This gives us a table that displays the capture history for each individual, which is the basic data set we need. The result looks like this:

The next step in estimating population size is to count up how often each of the histories occurred - that is, we need the frequency of each capture history across the individuals in the data set. We'll get those next.

4. Make a single column of capture histories and count frequencies.

To get our counts of frequencies of our various capture histories we first need to combine the 0's and 1's into a column of capture histories, and then count up how many of the three possible histories there are - that is, how many 01, how many 10, and how many 11.

First, we will make the column of capture histories.

To make this a little easier for today, we'll filter out the June captures. Click on "Month" and un-check 6, like this. Now you will only have captures for April and May reported. Individuals who were only captured in June are dropped from the table automatically, so we won't have any 00 histories in the data (if we had only actually done a single recapture period there wouldn't be any 00 histories, so we don't want any in our data now).
Next, we need to make a new column outside of the PivotTable with the capture histories as sequences of 0's and 1's. In cell G4 type the label "Histories". In G5 type =b5&c5. The ampersand, &, is the "concatenation" operator, and it will stick the two values found in B5 and B6 together into one. Normally if you tried to enter the history 01 into a cell, Excel would assume you meant to enter the number 1 and would helpfully remove the leading 0. The concatenation operator, though, converts whatever you give it into text, so a 01 is treated as two text characters instead of a number, and the 0 is retained.
Copy and paste your concatenation formula to the rest of the rows in the pivot table (not including the grand total row, so down to G151).
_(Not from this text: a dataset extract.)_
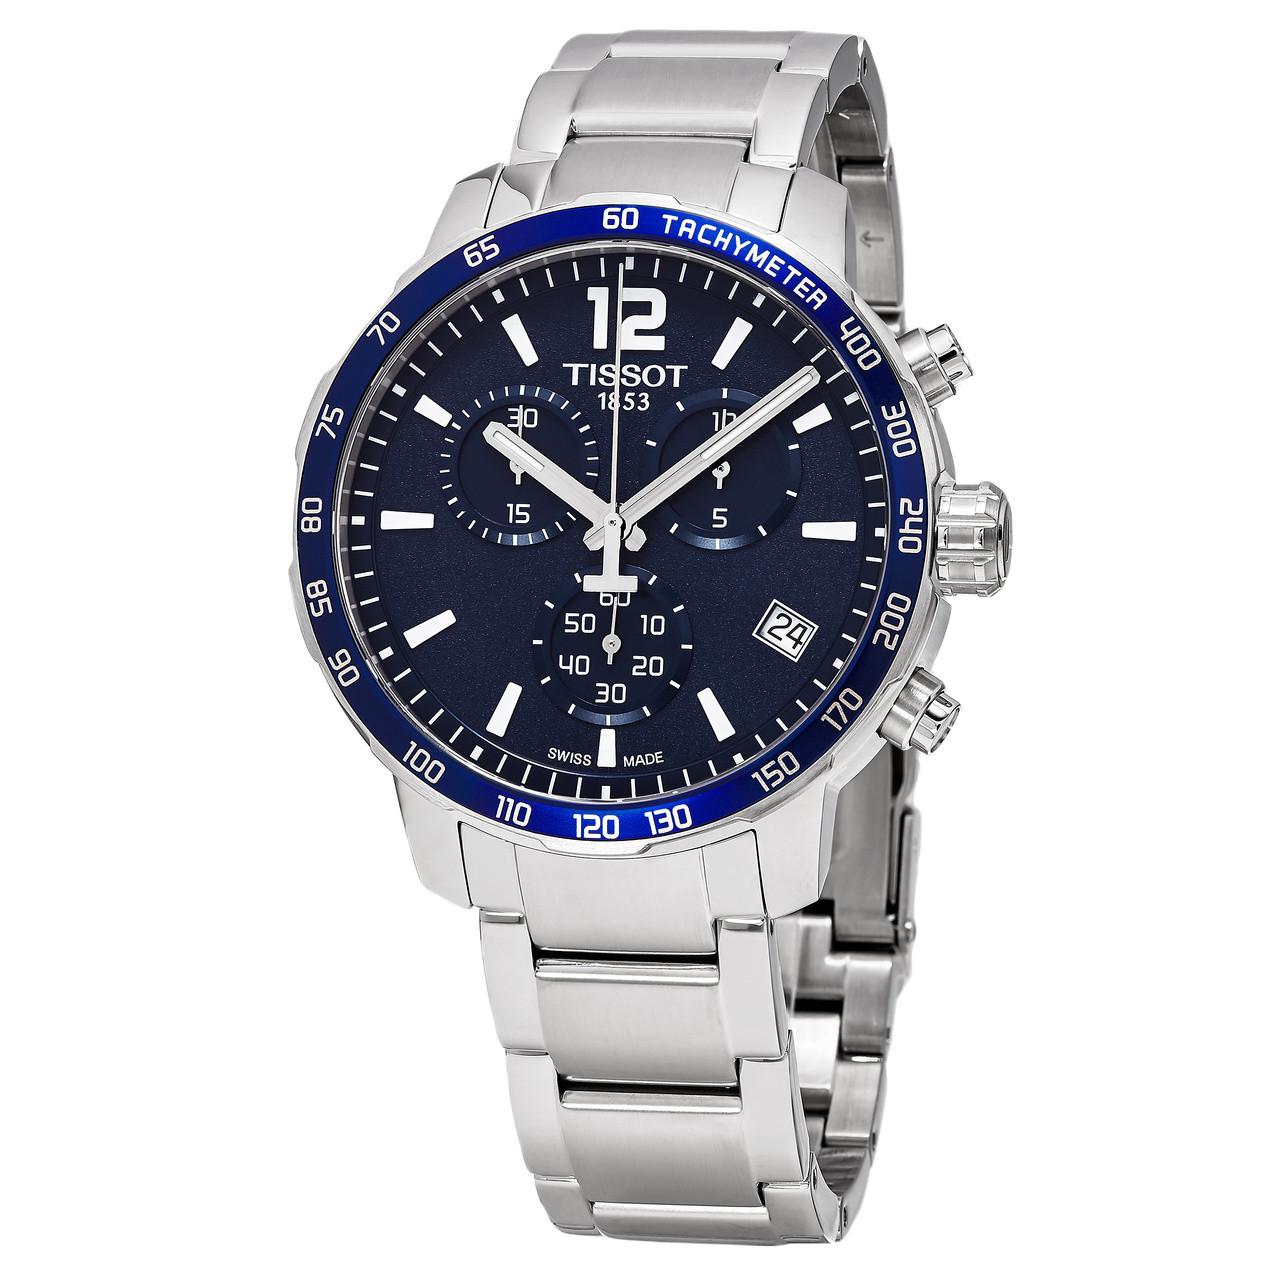 87e570c7e70 Tissot Men's Swiss Quartz Stainless Steel Casual Watch (Model ...

Next, we need to count up how many of the three capture histories there are in this new column:

Click on cell G4 ("Histories") and insert a new pivot table.
This time put the new pivot table into the same sheet as the histories: you'll see an option to "Choose where you want the PivotTable report to be placed", so pick "Existing Worksheet", and select cell I1 for the table. Click "OK" to make the template for the PivotTable
You will only have one variable, Histories, to work with. Put it into the row labels, and again as the value field, and change the value field to a count. You now have a pivot table giving the histories as row labels and their frequencies next to them.

Your final table of frequencies should look like this.

These frequencies of each capture history have all the information we need to estimate population size using the LP estimator.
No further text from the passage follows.